Die ungarische Regierung hat einen neuen Verfassungsentwurf vorgelegt. Weil Fidesz im Parlament über eine Zwei-Drittel-Mehrheit verfügt, konnte sie den Text im Alleingang bestimmen. Auf die Veröffentlichung des Verfassungsentwurfs wurden ca. 100 Änderungsanträge eingereicht. Diese stehen nun zur Diskussion, wobei mehr als die Hälfte der Anträge aus der Feder von Fidesz und Christdemokraten kommen, 25 von der rechtsextremen Jobbik, die einen faschistoiden paramilitärischen Arm unterhält und 22 von „unabhängigen Abgeordneten“.
Die Sozialisten boykottieren die Plenarsitzungen, weil sie das ganze Prozedere und die Inhalte für zutiefst undemokratisch halten. Die Opposition rief zu Demonstrationen für den Tag der Absegnung auf. Als Teil einer „nationalen Konsultation” wurde ein Fragebogen an alle Bürger mit der Möglichkeit versendet, Multiple-Choice-Antworten anzukreuzen. Das Ergebnis ist für das Parlament nicht bindend und deshalb kann ihre Auswertung bis zum 18. April abgeschlossen sein. An diesem Tag findet die endgültige Parlamentsabstimmung statt. Am 25. April soll die Unterzeichnung durch den Staatspräsidenten erfolgen. Es ist der Jahrestag des Wahlsiegs von Fidesz.
In dem Verfassungsentwurf wird die durch „die Kommunisten unterbrochene historische Rechtskontinuität wiederhergestellt“, die 1949-1990 gültige Verfassung für ungültig erklärt. Das Regime, an das man hier symbolisch anknüpft, ist die faschistische Horthy-Regierung. Horthy musste 1920 die Bedingungen des Friedens von Trianon akzeptieren. Ungarn verlor dadurch zwei Drittel seines Vorkriegsterritoriums und ein Drittel seiner magyarischen Vorkriegsbevölkerung. Die Bestrebungen, das Königreich des Heiligen Stephan wiederherzustellen, führte Horthy zur Zusammenarbeit mit dem III. Reich. 1940 trat Ungarn dem Dreimächtepakt bei. Auf Befehl Hitlers erhielt Ungarn einen Teil von Rumänien.
Den Juden Ungarns wurde vorgeworfen, die ungarische Kultur zu gefährden.
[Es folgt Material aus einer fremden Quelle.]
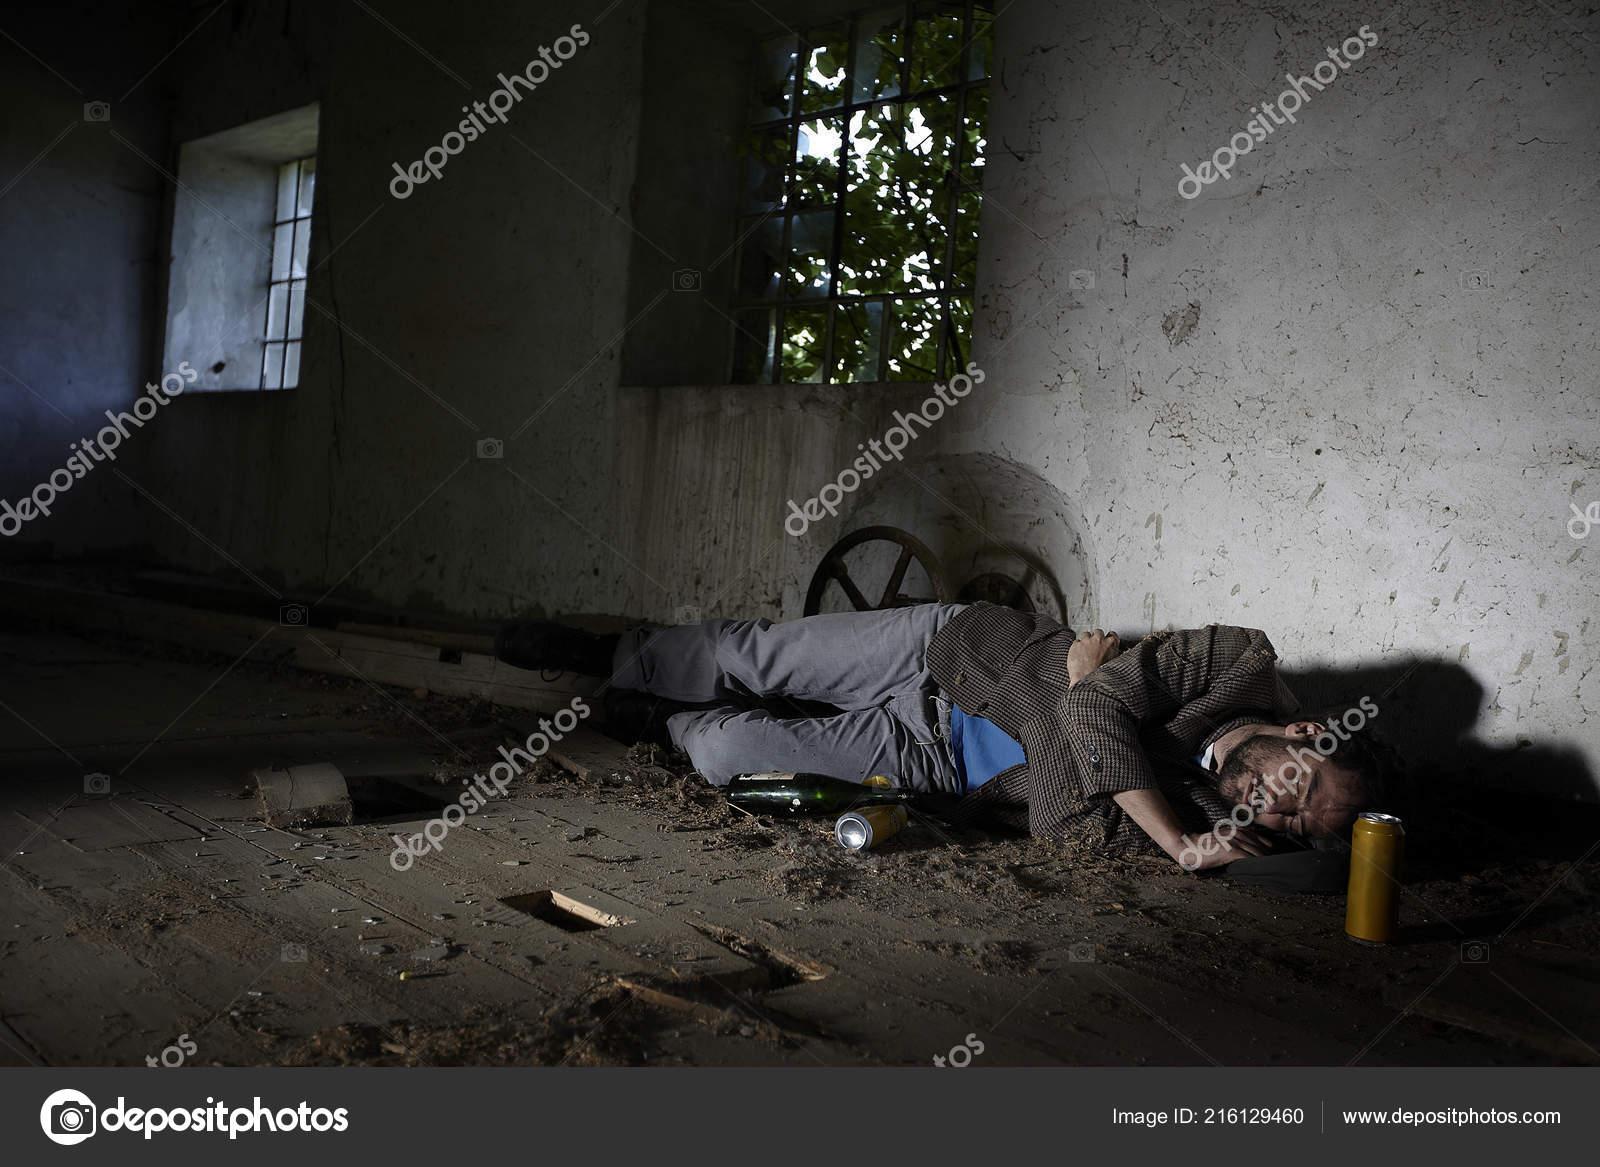 Drunk Homeless Man Sleeping Floor Beer Cans Abandoned Building Stock Photo C Epiximages 216129460

Das erste antijüdische Gesetz unter Horthy ist bereits von 1920. Ab 1938 wurden in Ungarn viele antijüdische Gesetze verabschiedet, die Züge der Nürnberger Rassengesetze trugen. Entgegen den „Wünschen“ der deutschen Regierung weigerte sich Ungarn zunächst, seine jüdischen Einwohner auszuliefern bzw. deren Transport in Lager zuzulassen. Das änderte sich nach der deutschen Besetzung im März 1944, die von den Nazis eingesetzte Regierung sicherte die Durchführung des Holocaust und ordnete umgehend die Ghettoisierung des ungarischen Judentums an.
Der Entwurf der neuen Verfassung teilt sich in die vier Abschnitte „Credo der Nation“, „Grundlagen“, „Freiheit und Verantwortung“ und „Der Staat“. Die Credo-Präambel zieht Bezüge zum christlichen Reich König Stephans I., beschwört „Familie und Nation“ als wichtigsten Rahmen des „Zusammenlebens“ mit „Treue, Glaube und Liebe als den Grundwerten“ und der nationalen Zusammengehörigkeit. Das faschistische Horthy-Regime und sein Traum der Wiederherstellung von Groß-Ungarn wird wieder als eine große Epoche verklärt.